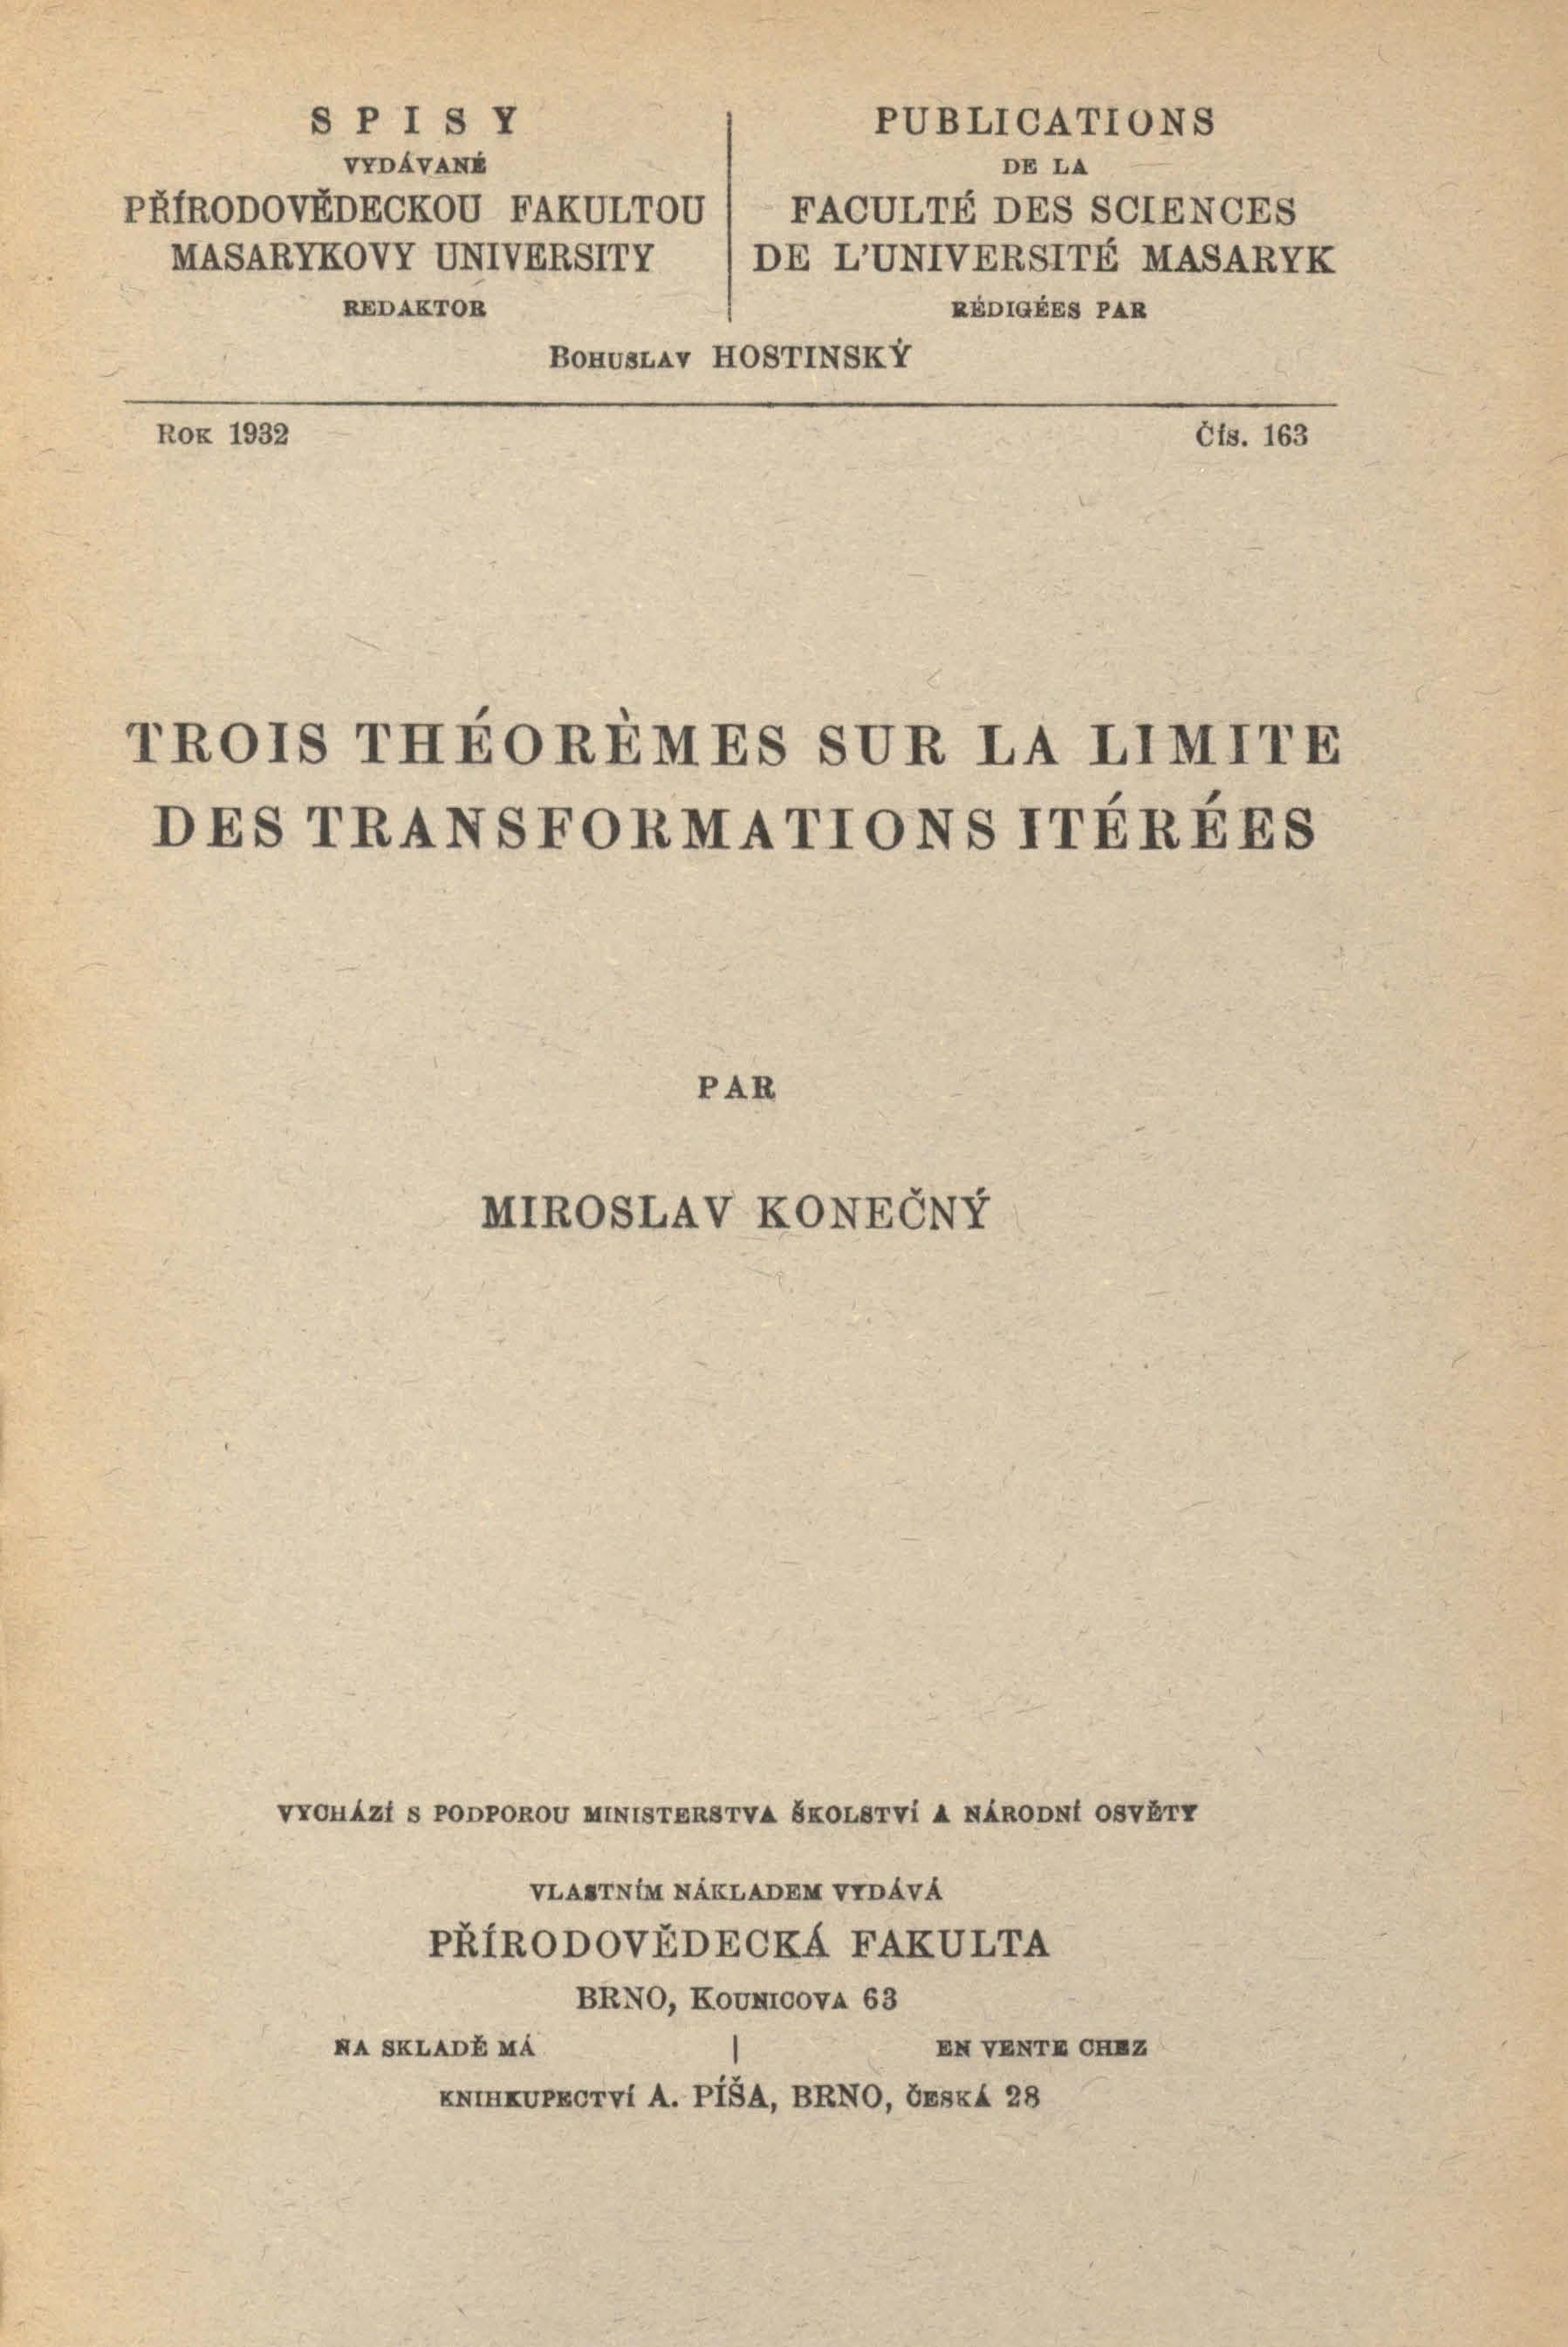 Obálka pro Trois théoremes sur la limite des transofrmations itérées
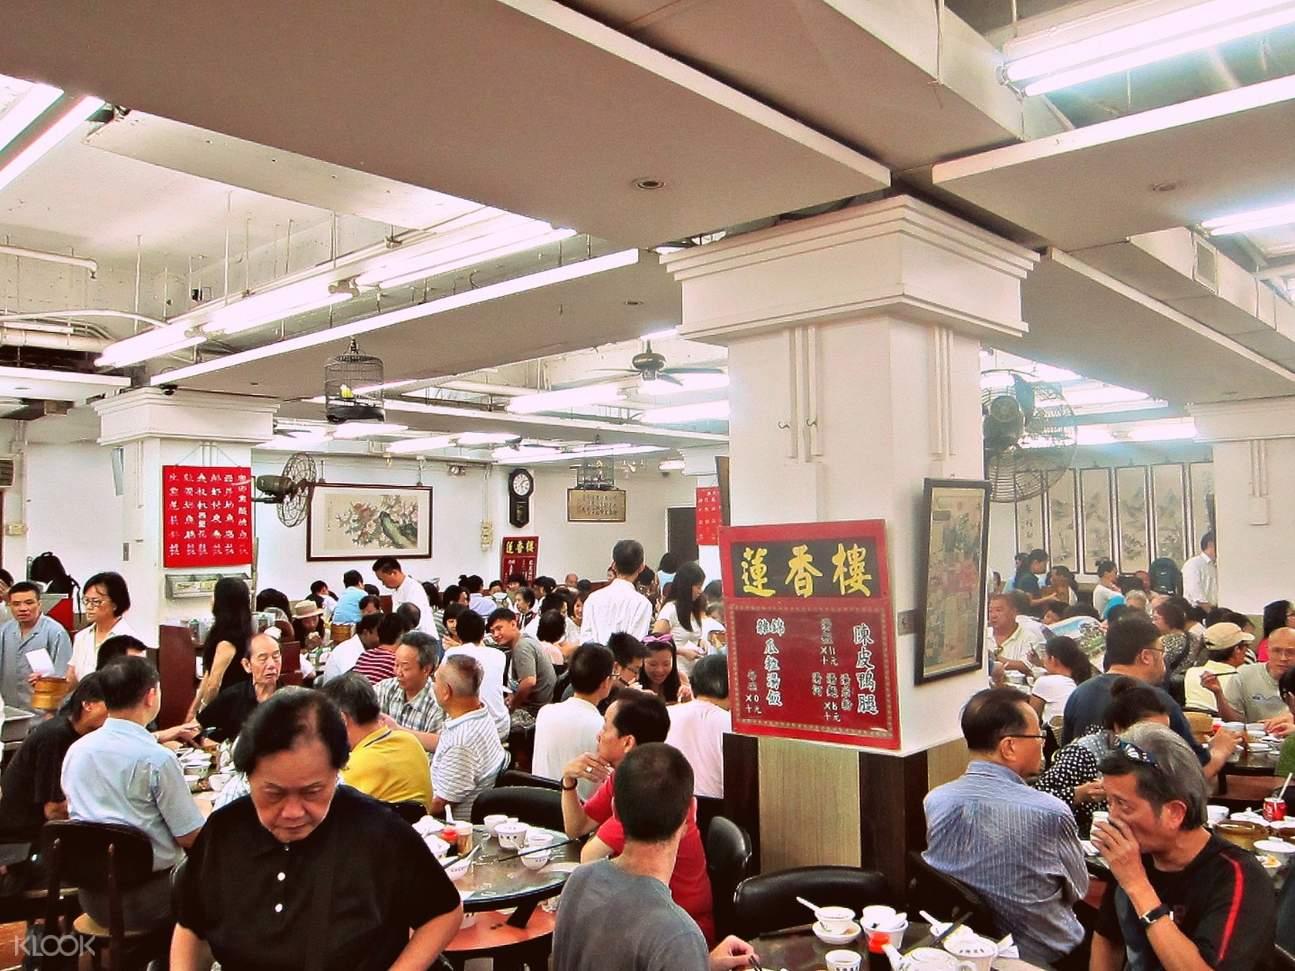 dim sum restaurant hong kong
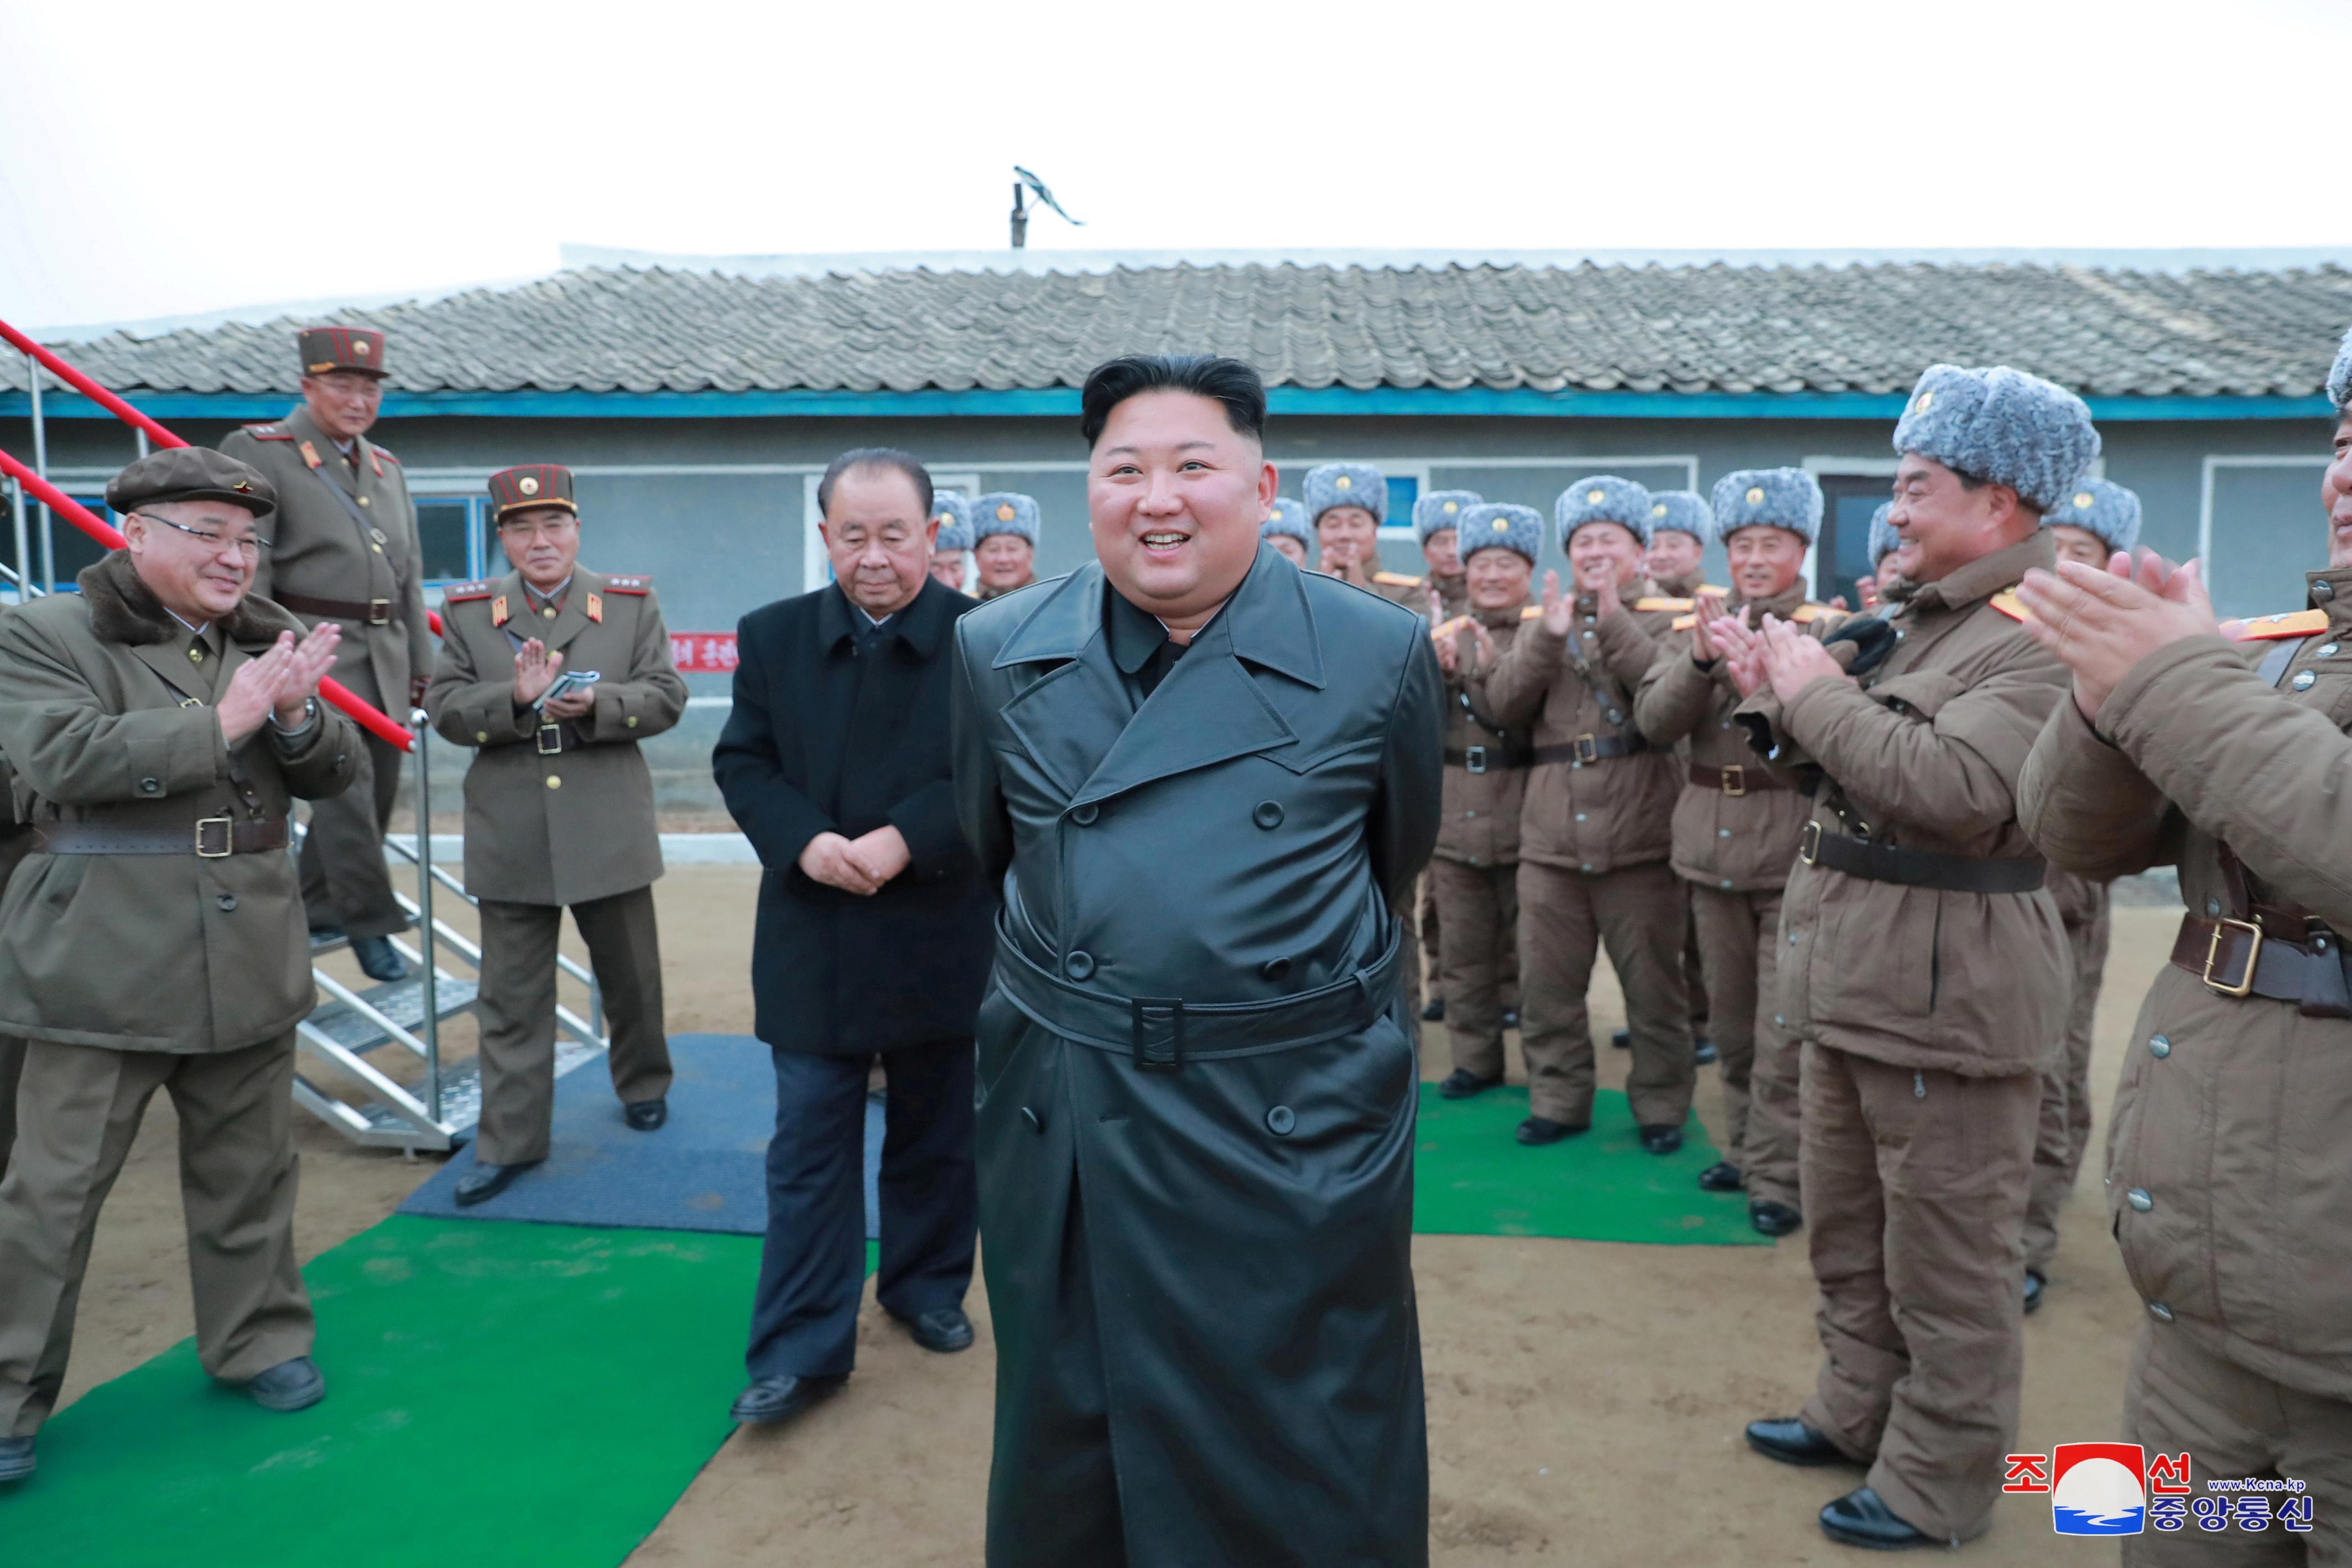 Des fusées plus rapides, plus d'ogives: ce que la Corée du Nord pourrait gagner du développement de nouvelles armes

****************

▸ **PROBLEM TO WORK ON**
Each line from the one containing "dim sum restaurant hong kong" through the last line of the listing must be copied exactly, and the pictures must not be.

▸ **RESULT**
 dim sum restaurant hong kong
 Des fusées plus rapides, plus d'ogives: ce que la Corée du Nord pourrait gagner du développement de nouvelles armes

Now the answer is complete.